Своих товарищей он нашел в боевой готовности: аббат Жоржель заказал карету на семь часов вечера, о чем Рабуину, успевшему перезнакомиться едва ли не со всеми слугами в гостинице, сообщил один из лакеев. Удалось заполучить и еще кое-какие интересные сведения, дополнявшие картину: аббат потребовал смазать ему сапоги салом, из чего следовало, что, добираясь до цели своей поездки, ему придется идти по снегу и грязи, а значит, встречается он не в гостиной, что тем более загадочно, ибо на улице давно стемнело. Следовало как можно скорее подготовиться к новому повороту событий, а из-за исчезновения Ластира приходилось в корне менять план. Новую версию выстроили быстро. Незадолго до семи Семакгюс возьмет карету путешественников, устроится в конце Зейлергассе и, завидев Жоржеля, последует за ним. Николя и Рабуин снова обменяются одеждой. Агент покинет гостиницу незадолго до условленного часа, причем со скандалом, что непременно привлечет внимание подозрительных австрийских полицейских. Тем временем Николя в одежде Рабуина и под руку с подкупленной субреткой выйдет из гостиницы через черный ход. Дойдя до другого конца улицы, где обычно стоят несколько экипажей, он, в случае необходимости, возьмет карету и последует за Жоржелем. У себя в комнате Николя сменил великолепный серый фрак на ливрею и грубый плащ Рабуина, в то время как славный малый, надвинув парик и треуголку, закутался в плащ с меховым воротником своего начальника. Взглянув в зеркало, они убедились, что в полумраке перепутать их ничего не стоит. Теперь для выполнения плана требовалось всего одно деликатное условие: солидная пригоршня талеров, дабы пробудить скромность возниц, с недоверием относившихся к иностранцам.

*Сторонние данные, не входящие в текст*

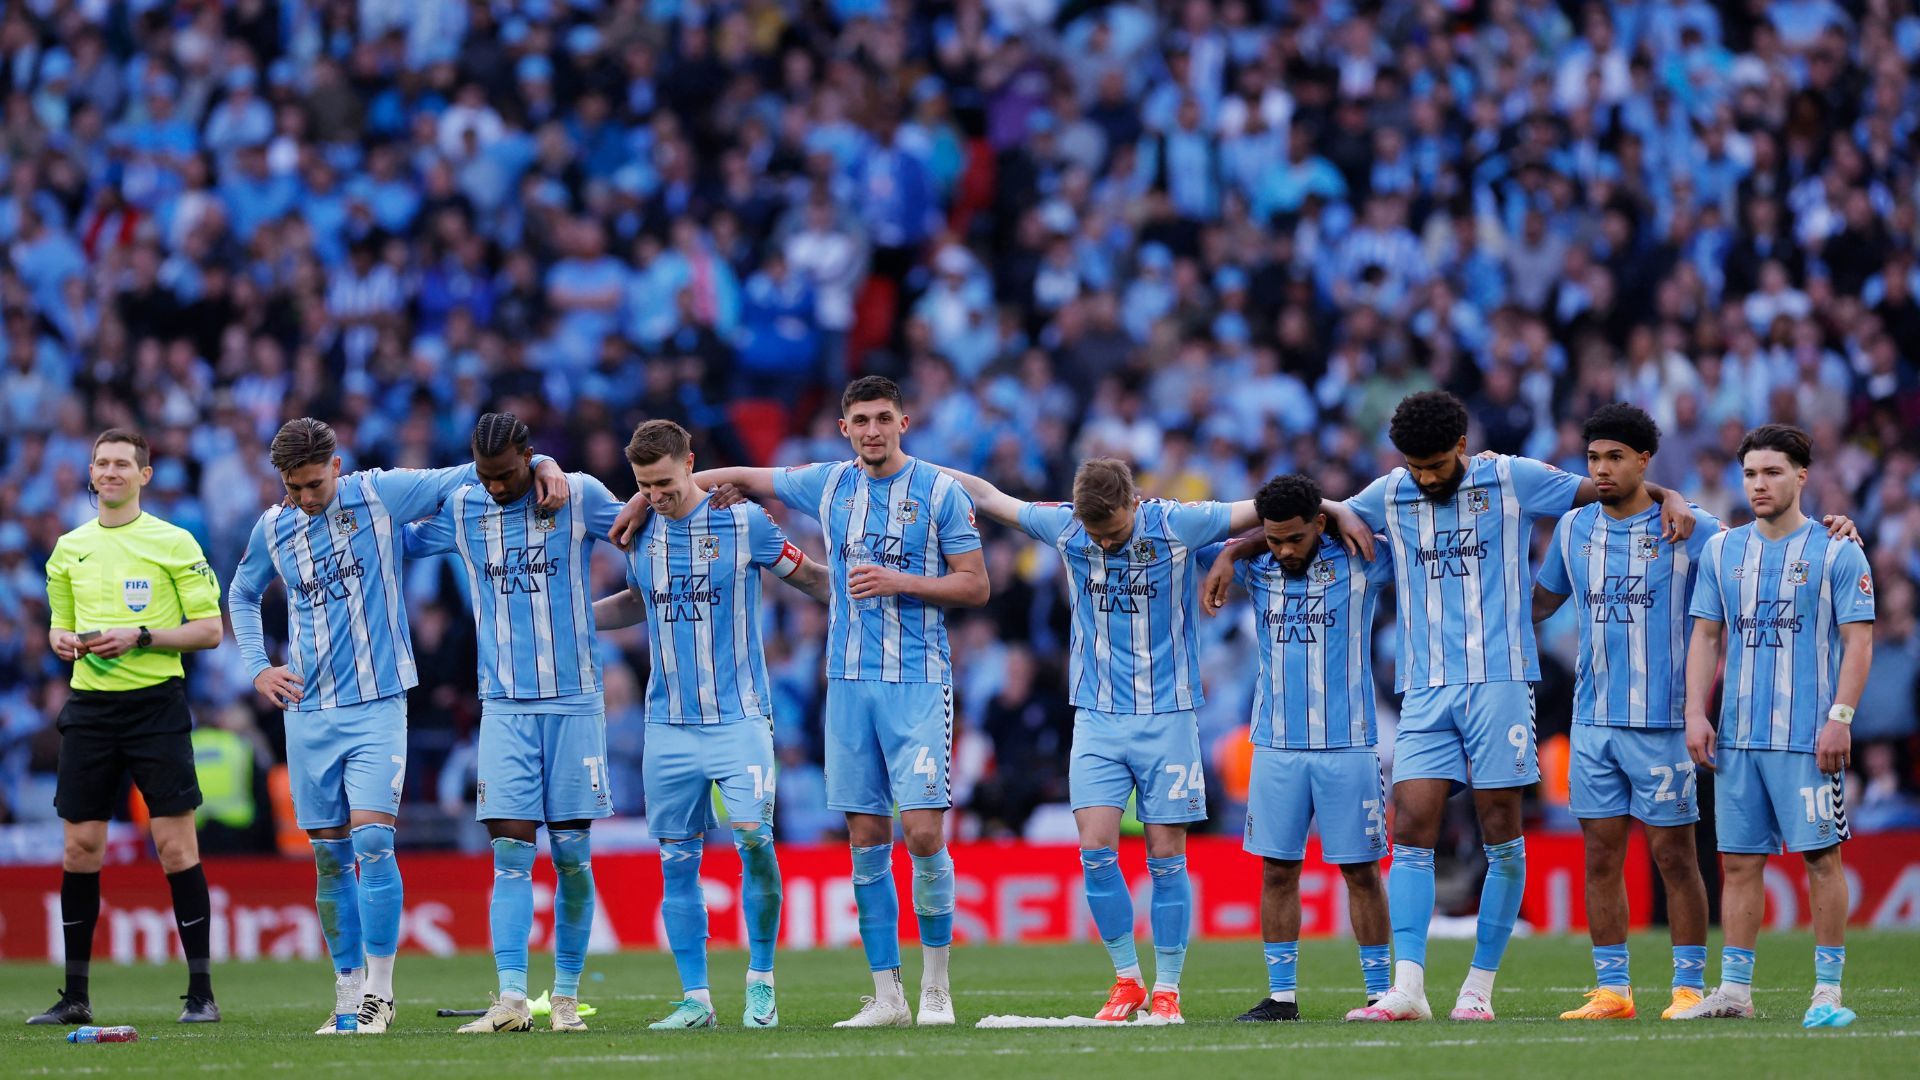 Coventry City's players in the FA Cup Semi-Final penalty shootout vs Manchester United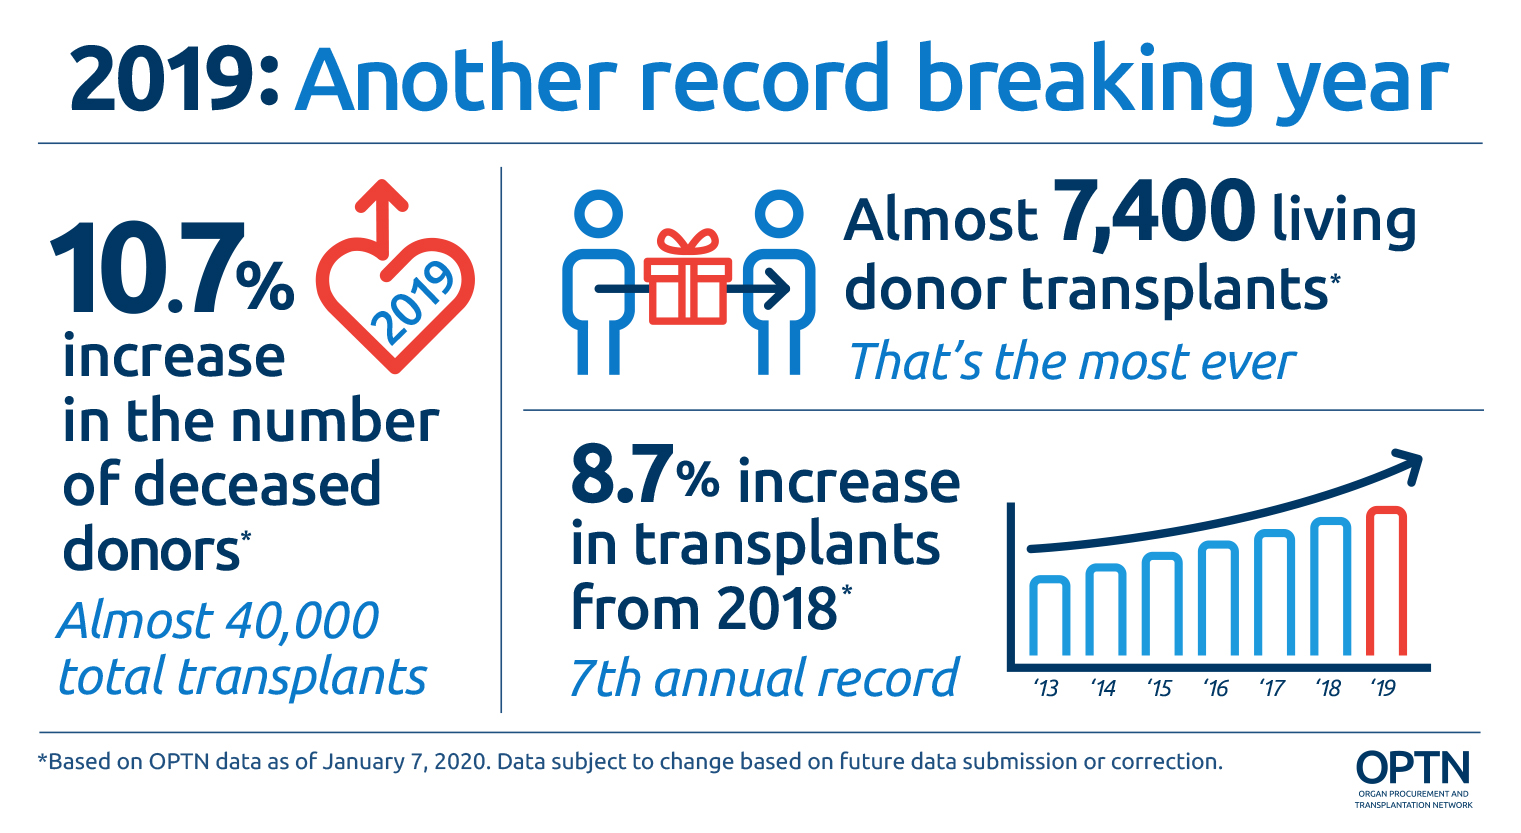 2019 record number of lives saved. 10.7 percent increase in the number of deceased donors - almost 40,000 total transplants. Almost 7,400 living donor transplants - new record number. 8.7 percent increase in transplants from 2018 - 7th year of increase. Based on OPTN data as of January 7, 2020. Data subject to change based on future data submission or correction.

Начало операции, назначенной на семь часов, прошло беспрепятственно. Жоржель, явно нервничая, вышел на улицу и, окинув подозрительным взором улицу, сел в заказанную карету. Спустя несколько минут Николя, Рабуин и Семакгюс также покинули гостиницу. Случаю было угодно направить Жоржеля в сторону Николя. Потушив фонари, нанятый комиссаром экипаж покатил за каретой аббата.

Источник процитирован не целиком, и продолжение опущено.